Re: Linux 5.1-rc5

From: Martin Schwidefsky
Date: Wed Apr 17 2019 - 04:02:56 EST


On Wed, 17 Apr 2019 09:46:37 +0200
Martin Schwidefsky <schwidefsky@xxxxxxxxxx> wrote:

> On Tue, 16 Apr 2019 09:49:46 -0700
> Linus Torvalds <torvalds@xxxxxxxxxxxxxxxxxxxx> wrote:
>
> > On Tue, Apr 16, 2019 at 9:16 AM Linus Torvalds
> > <torvalds@xxxxxxxxxxxxxxxxxxxx> wrote:
> > >
> > > We actually already *have* this function.
> > >
> > > It's called "gup_fast_permitted()" and it's used by x86-64 to verify
> > > the proper address range. Exactly like s390 needs..
> > >
> > > Could you please use that instead?
> >
> > IOW, something like the attached.
> >
> > Obviously untested. And maybe 'current' isn't declared in
> > <asm/pgtable.h>, in which case you'd need to modify it to instead make
> > the inline function be "s390_gup_fast_permitted()" that takes a
> > pointer to the mm, and do something like
> >
> > #define gup_fast_permitted(start, pages) \
> > s390_gup_fast_permitted(current->mm, start, pages)
> >
> > instead.
> >
> > But I think you get the idea..
>
> Nice, I did not realize that gup_fast_permitted is a platform
> override-able function. So that part is doable in arch/s390. But I
> spoke to soon, I got my first crash and realized that the common gup code
> is not usable as it is. The reason is this e.g. this sequence:
>
> pgdp = pgd_offset(current->mm, addr);
> pgd_t pgd = READ_ONCE(*pgdp);
> /* some checking on pgd */
> gup_p4d_range(pgd, addr, next, write, pages, nr);
>
> p4dp = p4d_offset(&pgd, addr);
> p4d_t p4d = READ_ONCE(*p4dp);
> /* some checking on p4d */
> gup_pud_range(p4d, addr, next, write, pages, nr);
>
> pudp = pud_offset(&p4d, addr);
> pud_t pud = READ_ONCE(*pudp);
> /* some checking on pud */
> gup_pmd_range(pud, addr, next, write, pages, nr;
>
> Each step along the way will read the page table entry and pass the
> table entry to the next function.

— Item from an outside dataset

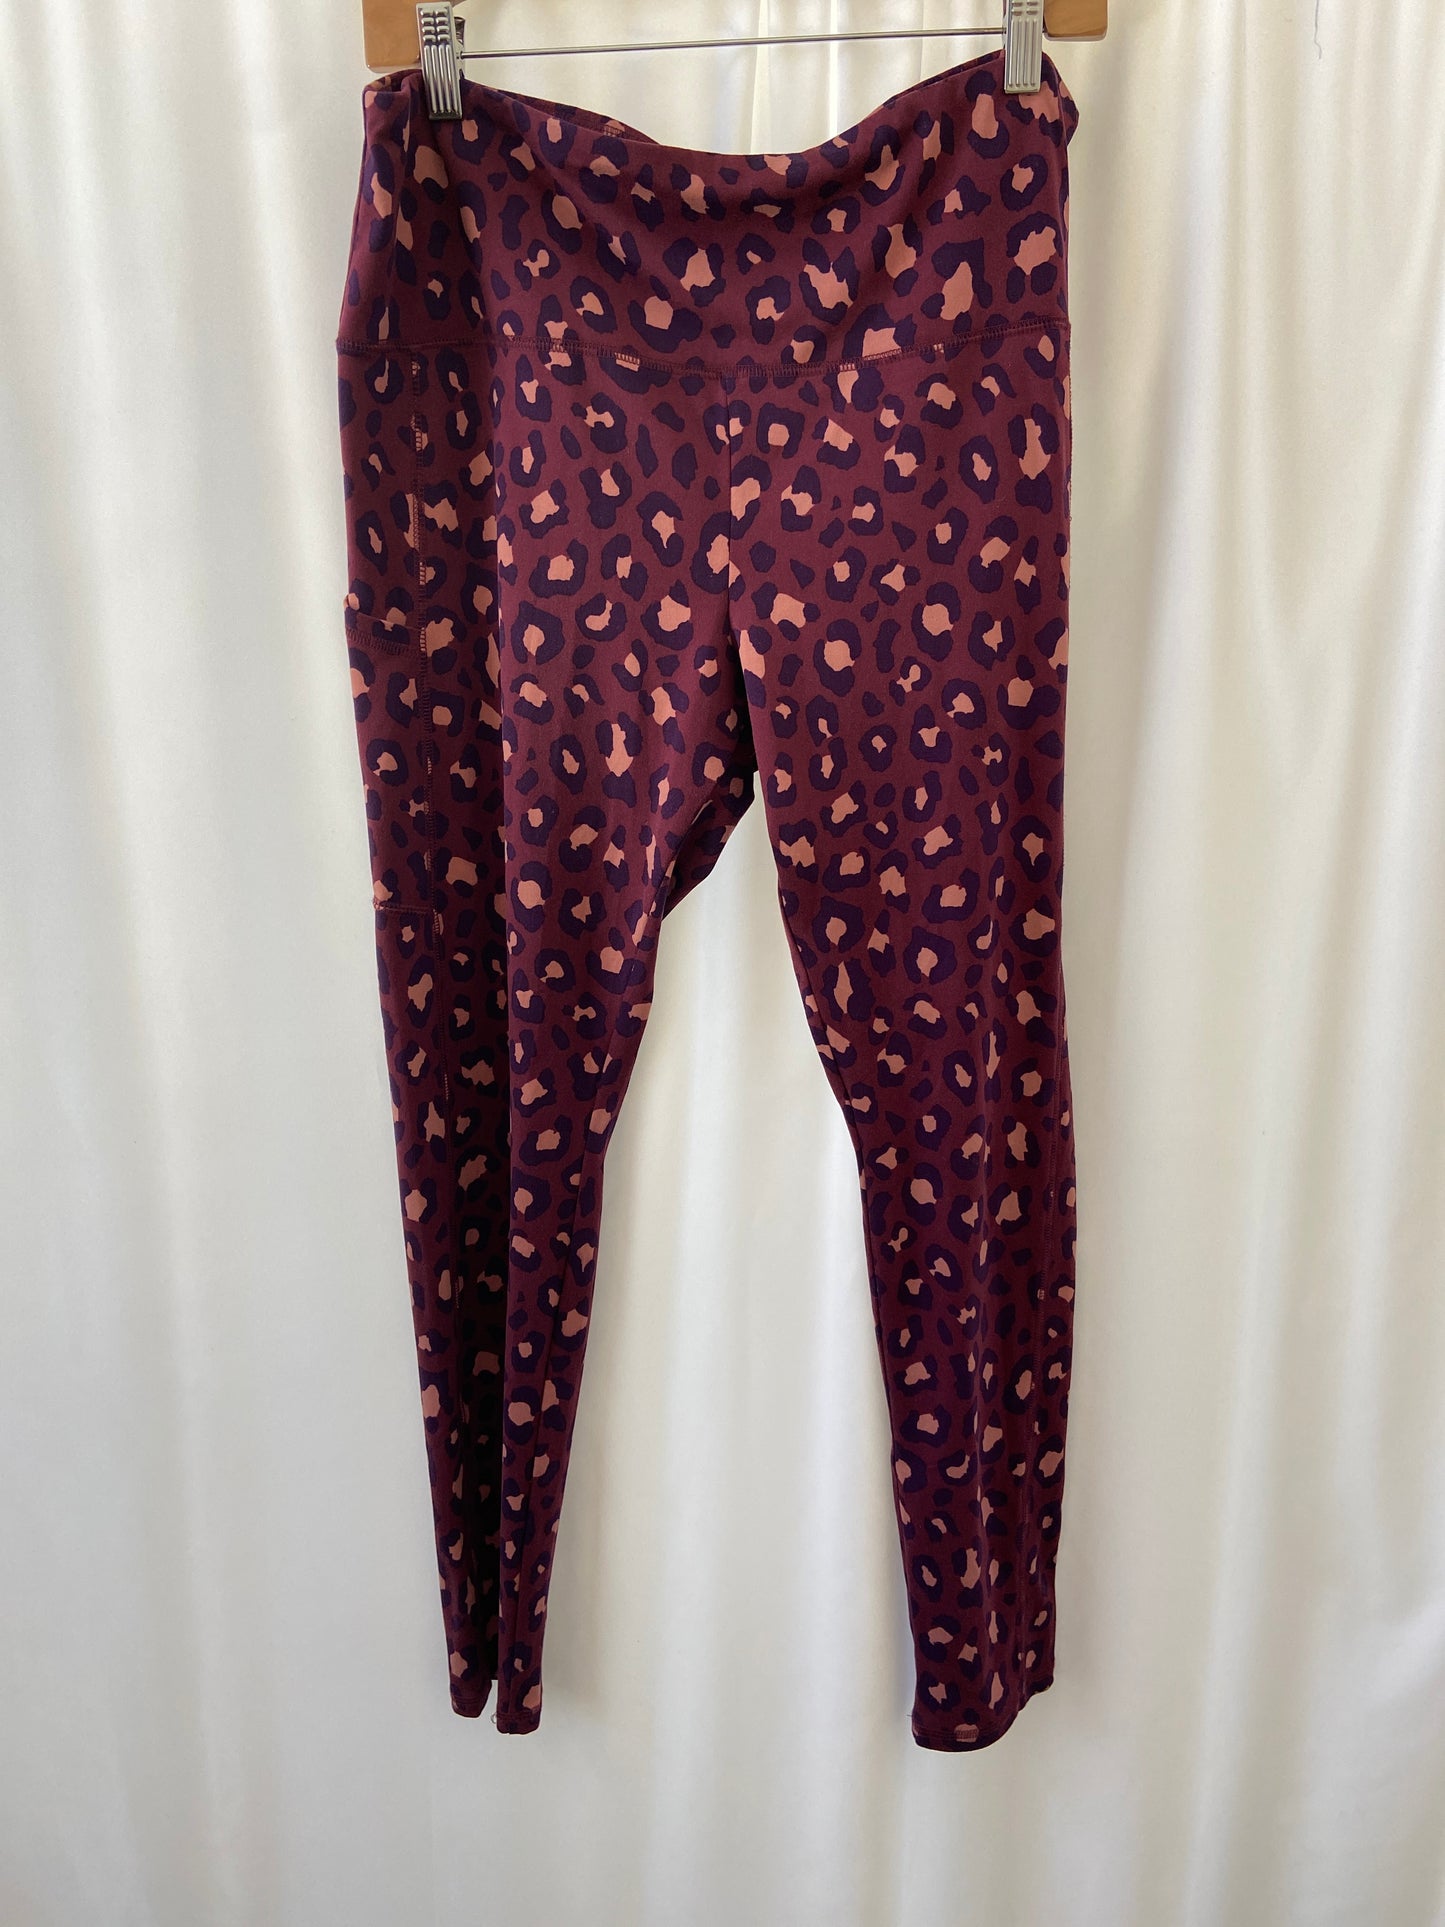 Athletic Leggings By Wild Fable  Size: 1x

This clashes with the page table
> folding on s390. The s390 gup code looks more like this:
>
> pgdp = pgd_offset(current->mm, addr);
> /* some checking on pgd */
> pgd_t pgd = READ_ONCE(*pgdp);
> gup_p4d_range(pgdp, pgd, addr, next, write, pages, &nr);
>
> p4dp = p4d_offset(pgdp, addr);
> p4d_t p4d = READ_ONCE(*p4dp);
> /* some checking on p4d */
> gup_pud_range(p4dp, p4d, addr, next, write, pages, nr);
>
> pudp = pud_offset(p4dp, addr);
> pud_t pud = READ_ONCE(*pudp);
> /* some checking on pud */
> gup_pmd_range(pudp, pud, addr, next, write, pages, nr;
>
> There are magic dereferences in the s390 versions of p4d_offset,
> pud_offset and pmd_offset functions. To make this work the pointer
> passed to these functions may not be the local copy of the already
> dereferenced table entry. I'll cook up a patch for the common code.

Grumpf, that does *not* work. For gup the table entries may be read only
once. Now I remember why I open-coded p4d_offset, pud_offset and pmd_offset
in arch/s390/mm/gup.c, to avoid to read the table entries twice.
It will be hard to use the common gup code after all.

--
blue skies,
Martin.

"Reality continues to ruin my life." - Calvin.